1. The problem statement, all variables and given/known data
find a formula for f-1 when f is defined by
f(x) = 3x+5/x-4

2. Relevant equations

3. The attempt at a solution
Here is what I've done so far:
First I switch the x and the y so I get
x=3y+5/y-4
x(y-4)=3y+5
xy-4x=3y+5
xy=3y+4x+5
xy-3y=4x+5
y-3y=4x+5/x
-2y=4+5
I don't know what else to do. No matter what I try I always end up deleting a variable.

Last edited: Oct 16, 2011
2. Oct 16, 2011

### theclock54

Okay so first you switch the x's and y's.
Then you'll have:

x= (3y+5)/(y-4)

Let's multiply by y-4

which leaves... xy-4x = 3y+5

when you want to solve for a variable and there's two of them, you want to get them on the same side and factor it out.

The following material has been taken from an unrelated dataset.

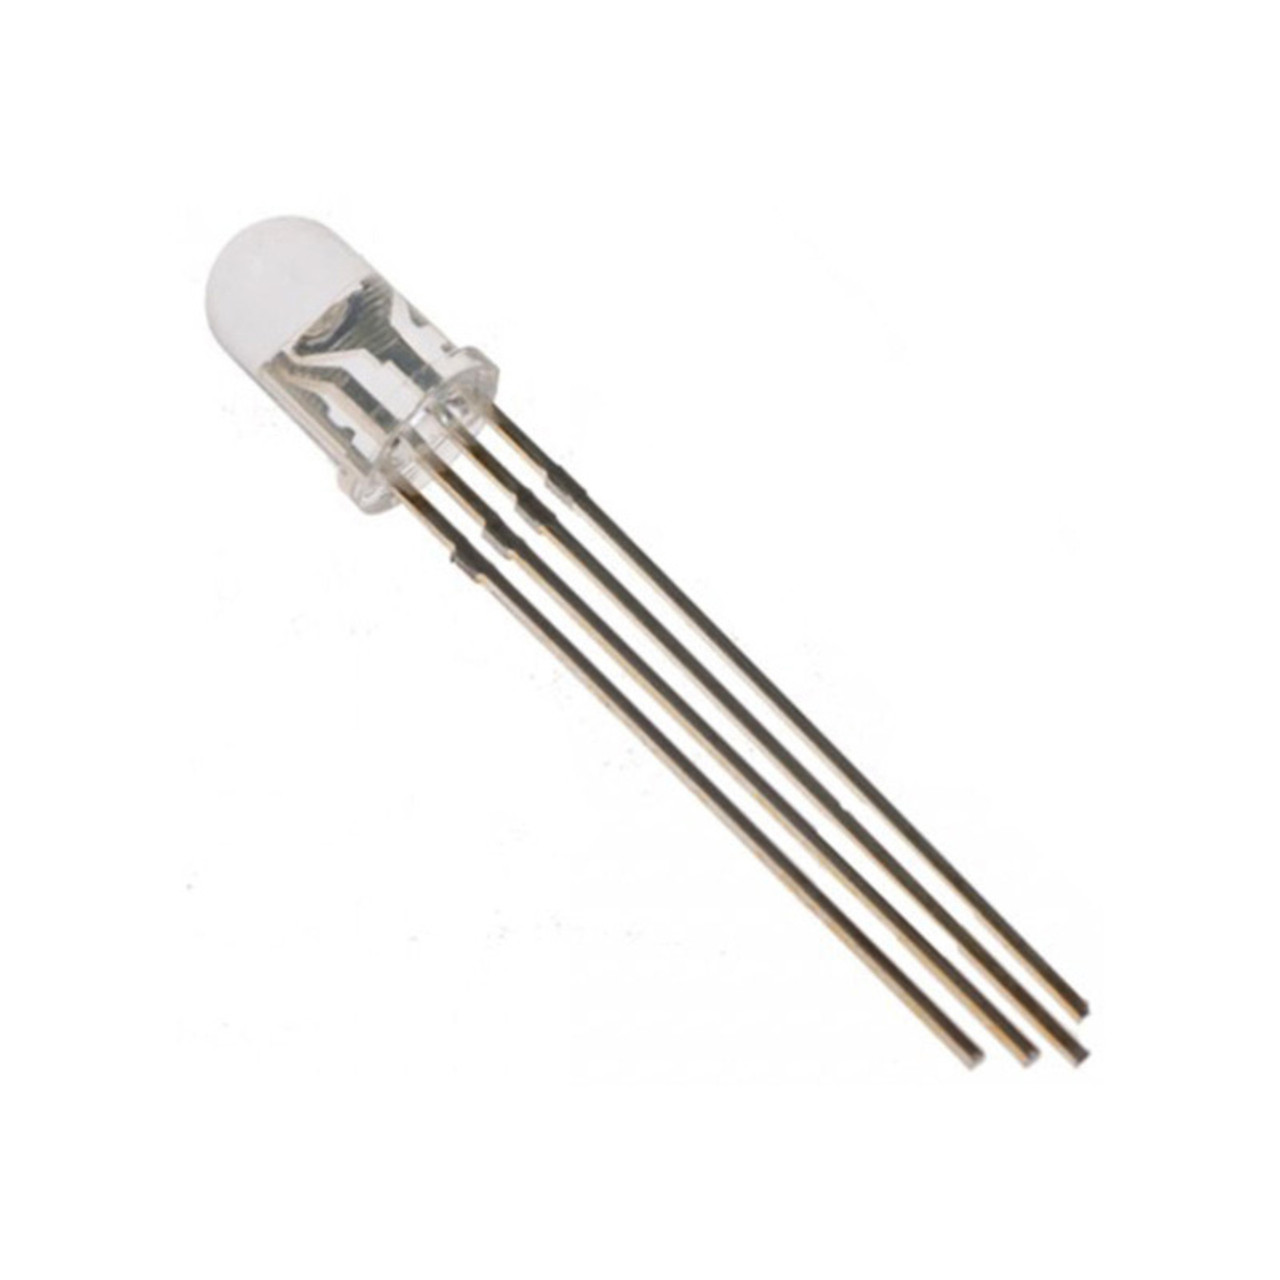 5MM 4pin Common Anode Clear RGB Tri-Color Red Green Blue LED Diodes (10  Pieces) by Envistia Mall

so now what you do is subtract 5, (move it to the left) and move the subtract xy (move to right)

so you end up with

5-4x = 3y-xy

now lets factor out y

5-4x = y(3-x)

now we divide by (3-x)

3. Oct 16, 2011

### theclock54

*sorry I forgot to put the negative sign on 5...it should be (-5-4x)/(3-x) = y

4. Oct 16, 2011

### eumyang

@bael: First off, put in parentheses next time. What you wrote looks like this:
$$f(x) = 3x+\frac{5}{x}-4$$
The bolded is where your problem lies. You can't divide both sides by x like that. If you were to divide both sides by x, this would have been the result:
$xy-3y=4x+5$
$\frac{xy-3y}{x}=\frac{4x+5}{x}$
$\frac{xy}{x}-\frac{3y}{x}=\frac{4x}{x}+\frac{5}{x}$
$y-\frac{3y}{x}=4+\frac{5}{x}$
This is not the way to go.

What theclock54 posted isn't wrong (now that the correction was made), but from this step:
xy-4x = 3y+5

... I would instead add 4x to both sides and subtract 3y from both sides. I prefer to have the x terms before the constant terms in the numerator & denominator.
xy - 3y = 4x + 5

Then factor out the y, and divide both sides by (x - 3):
$y(x - 3) = 4x + 5$
$y = \frac{4x + 5}{x - 3}$

5. Oct 16, 2011

### bael

Thanks a lot, I understand it now.